Personal information
- Full name: George Cull
- Born: 3 March 1856 Lymington, Hampshire, England
- Died: 9 May 1898 (aged 42) Sandown, Isle of Wight, England
- Batting: Right-handed
- Role: Wicket-keeper

Domestic team information
- 1877: Hampshire

Career statistics
| Competition | First-class |
| Matches | 2 |
| Runs scored | 14 |
| Batting average | 3.50 |
| 100s/50s | –/– |
| Top score | 7 |
| Catches/stumpings | 1/– |
- Source: Cricinfo, 19 January 2010

= George Cull =

English cricketer

George Cull (3 March 1856 — 9 May 1898) was an English first-class cricketer.

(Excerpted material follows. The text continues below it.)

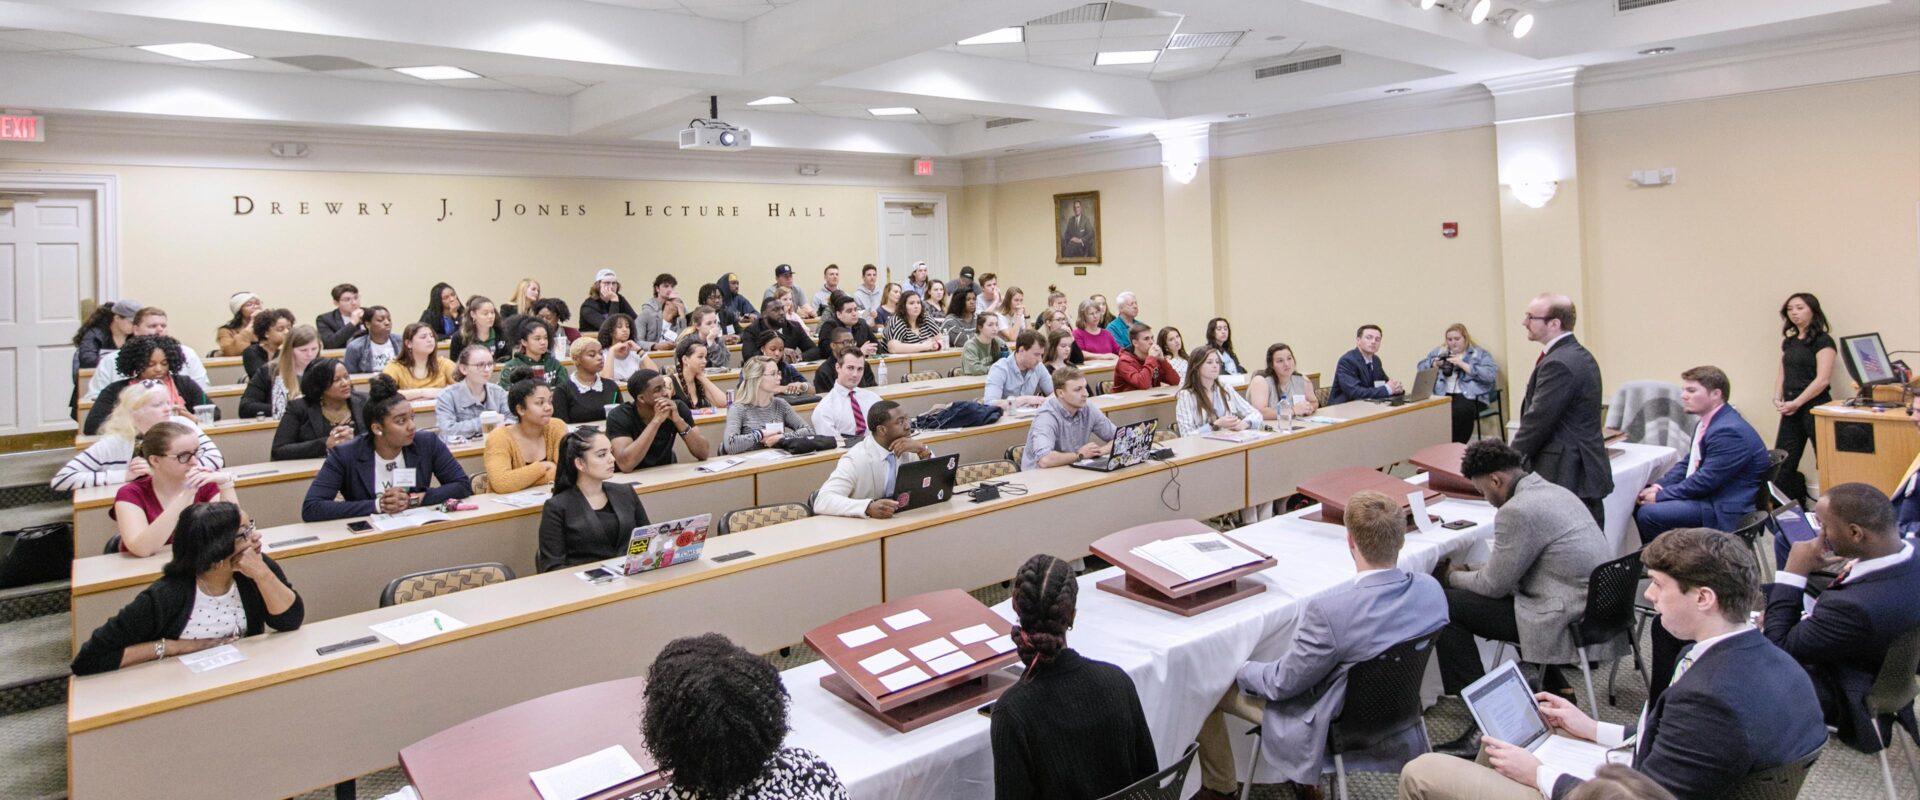 The 2019 Peace Interdisciplinary Conference

Cull was born at Lymington in March 1856. A club cricketer for Ringwood Cricket Club, he made two appearances in first-class cricket for Hampshire in 1877, against the Marylebone Cricket Club at Lord's and Derbyshire at Southampton. He scored 14 runs in his two matches, with a highest score of 7. Although he was a wicket-keeper at club level, in his two matches for Hampshire, Hector Hyslop was preferred as wicket-keeper. Cull spent the final twenty years of his life working as a postman on the Isle of Wight, where he died at Sandown in May 1898.